If `c` is a `Text`, then `c.vocab()` returns the _absolute frequency distribution_ of `c`; that is, `c.vocab()` maps each token type in `c` to its count in `c`. For example:

In [21]:
sent = ["The", "cat", "on", "the", "boat", "smiled", "at", "the", "dog", "."]
Text(sent).vocab()

FreqDist({'the': 2, 'The': 1, 'cat': 1, 'on': 1, 'boat': 1, 'smiled': 1, 'at': 1, 'dog': 1, '.': 1})

Please implement the function `normalize`, which converts an absolute frequency distribution into a _relative frequency distribution_ that maps each token type to its relative frequency in `c`. For example:

In [22]:
hw1.normalize(Text(sent).vocab())

FreqDist({'the': 0.2, 'The': 0.1, 'cat': 0.1, 'on': 0.1, 'boat': 0.1, 'smiled': 0.1, 'at': 0.1, 'dog': 0.1, '.': 0.1})

### Problem 2e: Calculate Frequency Ratios (Code, 2 Points)

Finally, please implement the function `freq_ratio`, which takes counts for a target corpus and a reference corpus and computes the frequency ratio for each token type in the joint vocabulary of both corpora with add-$k$ smoothing. For example:

In [23]:
target_dist = FreqDist({"the": 60, "of": 30, "and": 20})
ref_dist = FreqDist({"and": 1, "in": 3})
hw1.freq_ratio(target_dist, ref_dist)

FreqDist({'the': 4.280701754385965, 'of': 2.175438596491228, 'and': 0.7368421052631579, 'in': 0.017543859649122806})

`freq_ratio` has an optional parameter `k`, which determines the number of extra occurrences added to counts during add-$k$ smoothing.

In [24]:
hw1.freq_ratio(target_dist, ref_dist, k=10)

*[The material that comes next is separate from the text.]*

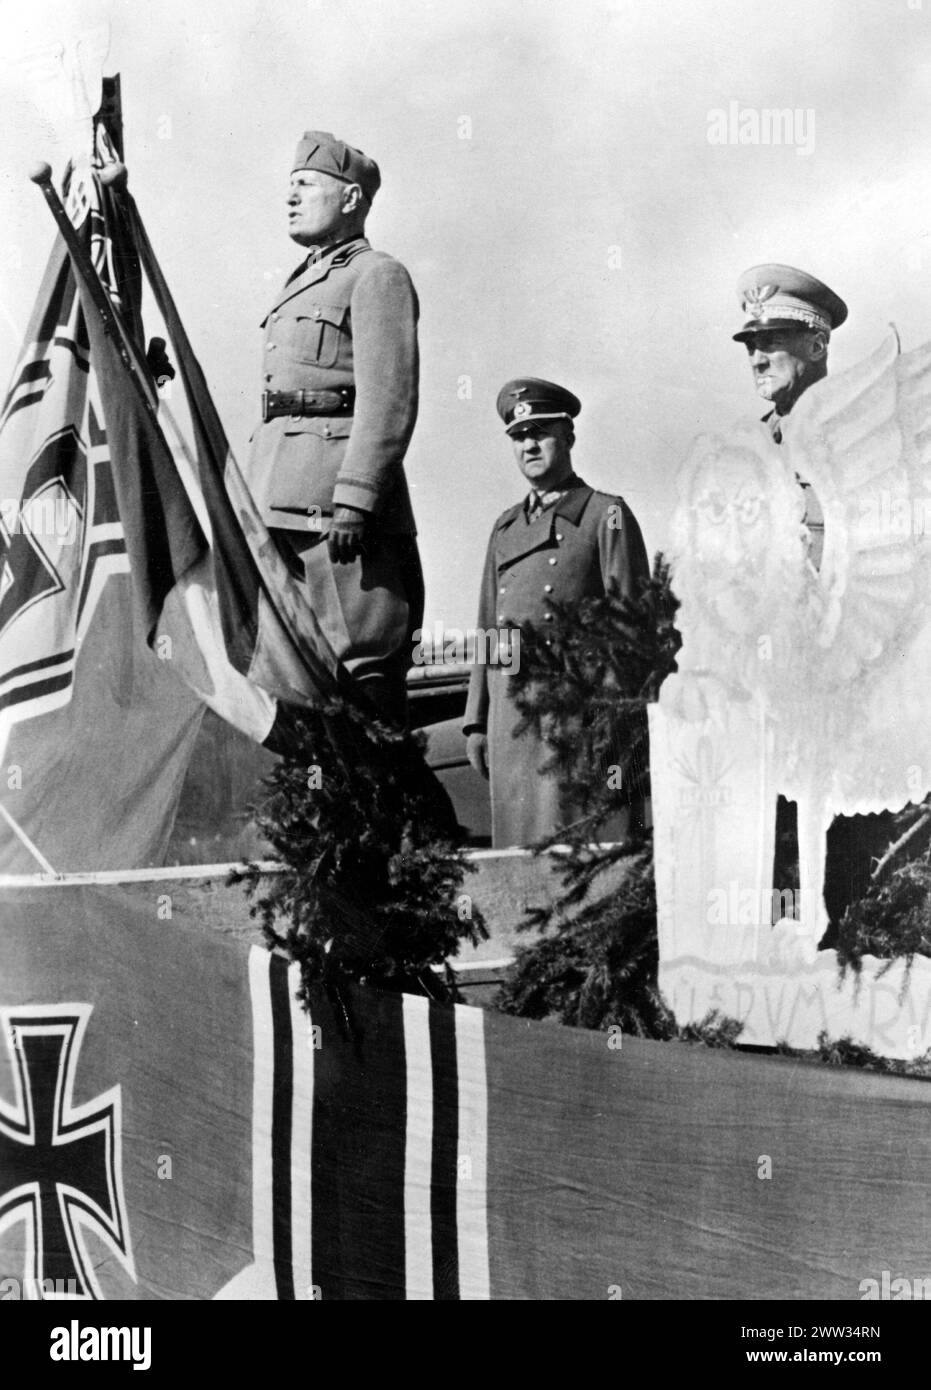 Le leader de l'Italie fasciste, Benito Mussolini, parle aux soldats italiens. Derrière lui se trouvent le colonel-général allemand Friedrich Fromm (à droite) et le maréchal italien Rodolfo Graziani. Avril 1944 Banque D'Images

FreqDist({'the': 2.0533333333333332, 'of': 1.1733333333333333, 'and': 0.8, 'in': 0.22564102564102562})

**Hint:** Your code should call the other functions you implemented during the previous parts of this exercise.

### Problem 2f: Identify ChatGPT Keywords (No Submission, 0 Points)

Now, let's use your code to identify keywords from the ChatGPT corpus.

In [25]:
freq_ratios = hw1.freq_ratio(chatgpt_articles.vocab(), wiki_articles.vocab())
freq_ratios.most_common(15)

[('stunning', 366.93441316302506),
 ('reminder', 254.4058933706665),
 ('breathtaking', 228.30163648567634),
 ('must-watch', 225.64696629398244),
 ('must-visit', 195.56070412145147),
 ('fascinating', 170.1201147843848),
 ('must-see', 160.16510156553264),
 ('resilience', 146.00686054316512),
 ('preparedness', 142.68852280354773),
 ('unforgettable', 141.58241022367525),
 ('well-maintained', 139.8126300958793),
 ('delves', 138.0428499680834),
 ('teamwork', 119.460158626226),
 ('thrilling', 114.00333656552185),
 ('delicious', 102.64724741216456)]

If you run the above code cell after completing Problems 2c–e and get the same output, that is a good sign that your code is correct!

### Problem 2g: Identify Wikipedia Keywords (Code and Written, 2 Points)

To identify keywords from the Wikipedia corpus, we want to retrieve the token types with the _smallest_ frequency ratios. To do so, please implement the function `least_common`, which retrieves the items in a `FreqDist` with the smallest values. For example:

In [26]:
d = FreqDist({"the": 60, "of": 30, "and": 20, "in": 10, "nltk": 0})
hw1.least_common(d, 3)

[('nltk', 0), ('in', 10), ('and', 20)]

What are the top five keywords for the Wikipedia corpus (i.e., the five token types with the smallest frequency ratios, in ascending order of frequency ratio)?

**Hints:** Try googling `how to sort a dict in python`.

### Problem 2h: Limitations of Frequency Ratios (Written, 2 Points)

According to [Kilgarriff's](https://www.sketchengine.eu/wp-content/uploads/2015/04/2009-Simple-maths-for-keywords.pdf) (2009) fourth problem, what is a limitation of using frequency ratios as a keyness metric? What solution does Kilgarriff propose for this problem?

How do the keywords identified for the ChatGPT corpus change if you use add-1000 smoothing instead of add-1 smoothing? Are they less rare in the Wikipedia corpus? Support your answer by including a table of the following format. The first two columns have been filled in for you; please fill in the analogous information for the remaining two columns.

|   | Keyword (k = 1) | Count in Wiki Corpus | Keyword (k = 1000) | Count in Wiki Corpus |
|---|-----------------|----------------------|--------------------|----------------------|
| 1 | stunning     | 2 | | |
| 2 | reminder     | 3 | | |
| 3 | breathtaking | 0 | | |
| 4 | must-watch   | 0 | | |
| 5 | must-visit   | 0 | | |
| | **Average** | **1** | **Average** | |

In [None]:
# Feel free to write code to help you answer Problem 2h.